### THE TASK
Reprint all of the data below exactly as shown and skip every image.

[DATASET EXCERPT]

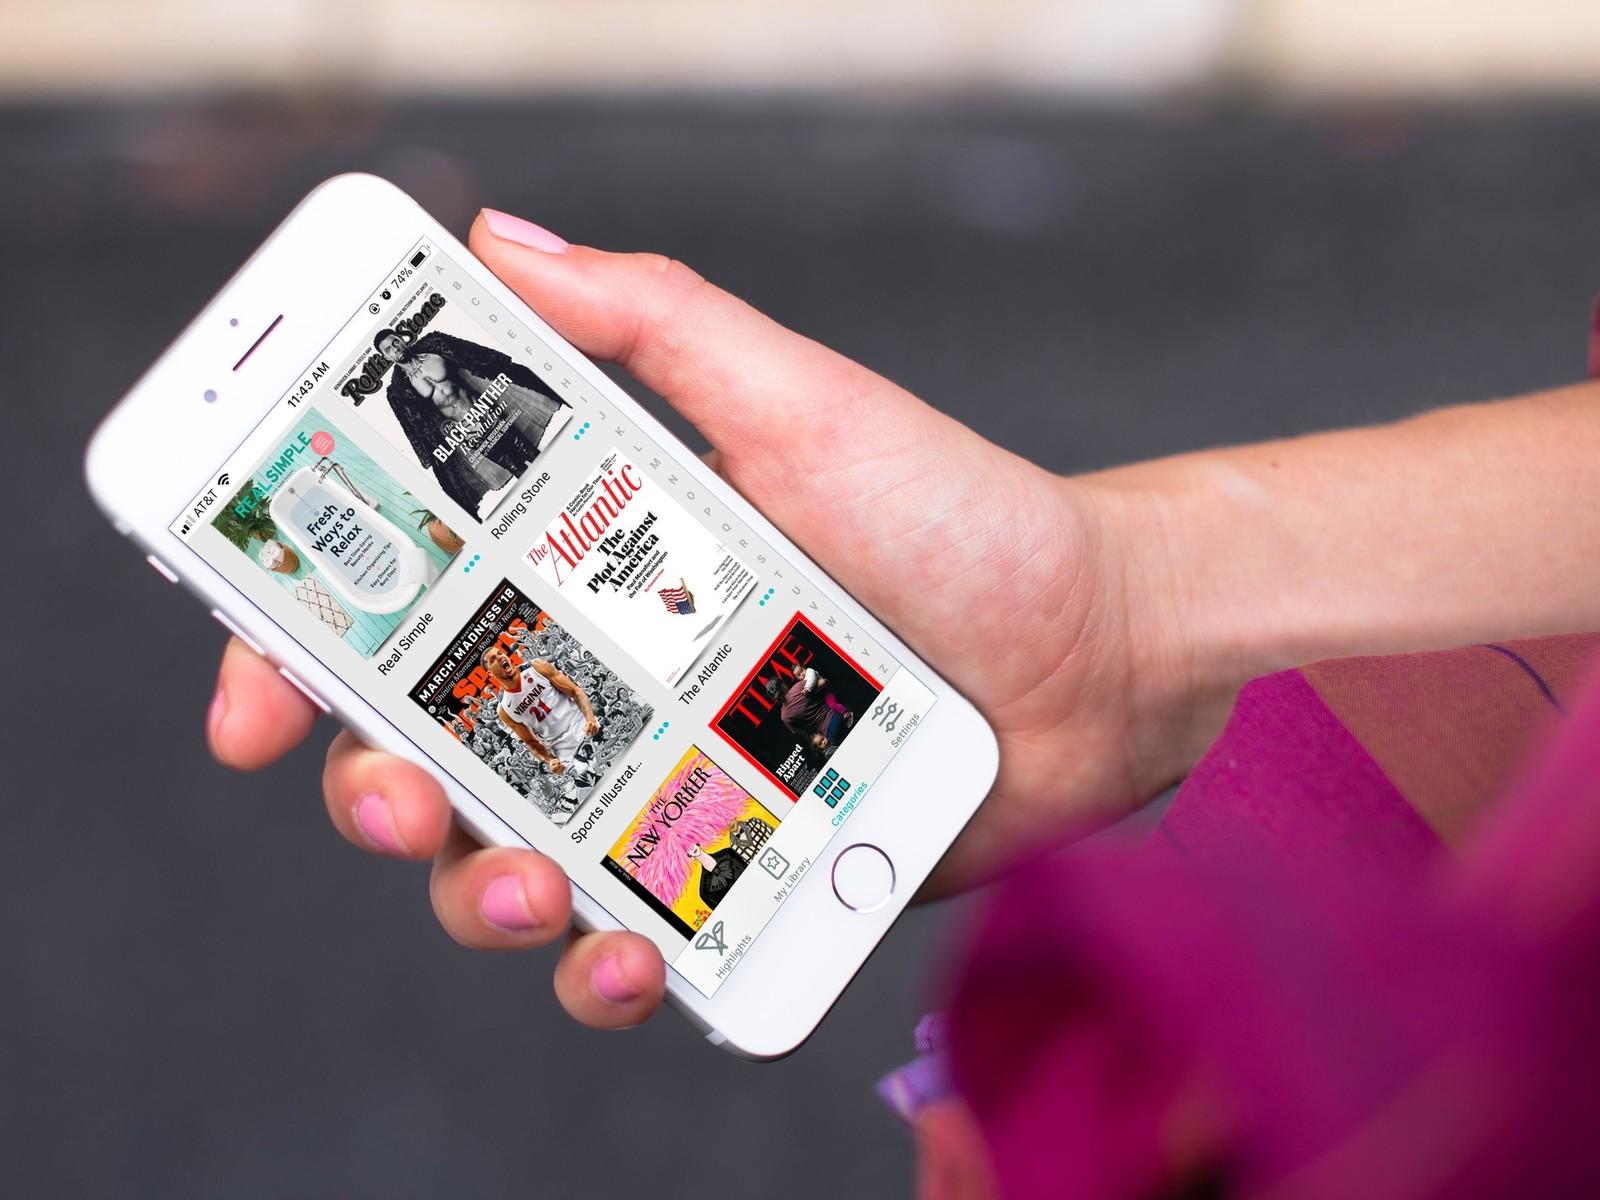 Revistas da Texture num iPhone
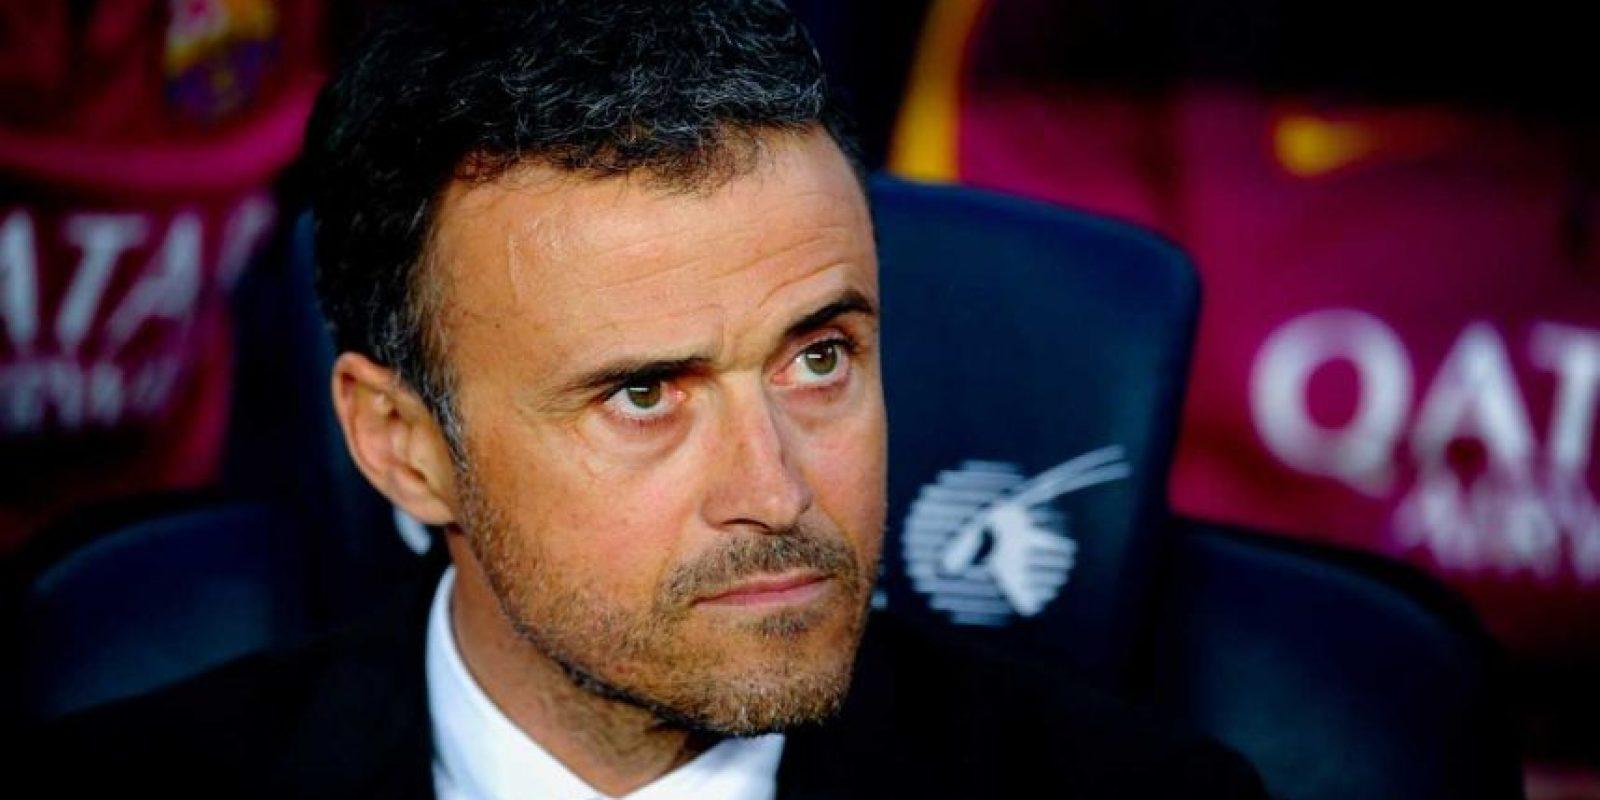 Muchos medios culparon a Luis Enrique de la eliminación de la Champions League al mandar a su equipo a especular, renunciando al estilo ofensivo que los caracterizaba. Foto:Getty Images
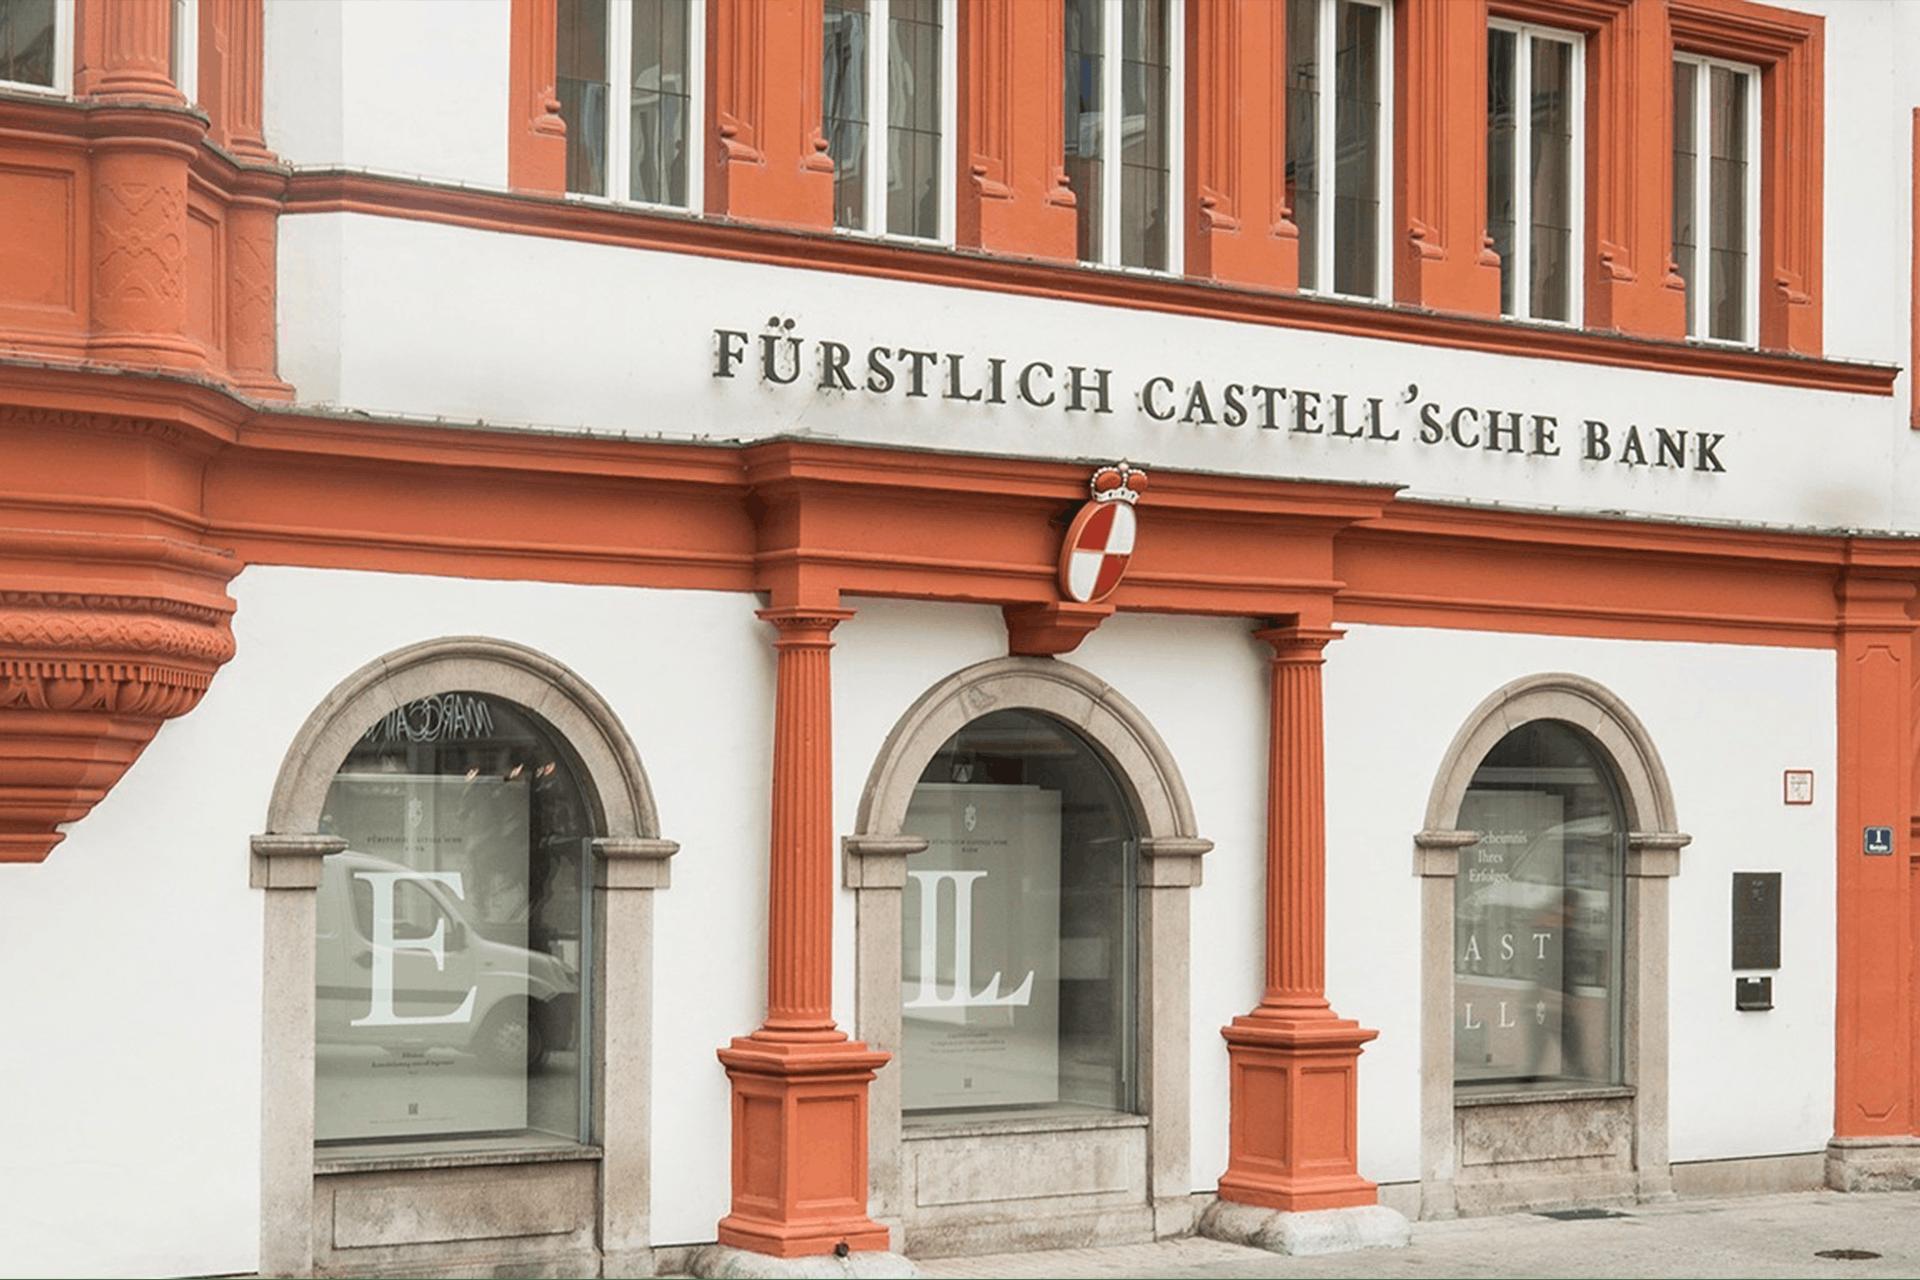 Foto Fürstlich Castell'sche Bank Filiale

[/DATASET EXCERPT]

### EXERCISE RESULT
 Revistas da Texture num iPhone
 Muchos medios culparon a Luis Enrique de la eliminación de la Champions League al mandar a su equipo a especular, renunciando al estilo ofensivo que los caracterizaba. Foto:Getty Images
 Foto Fürstlich Castell'sche Bank Filiale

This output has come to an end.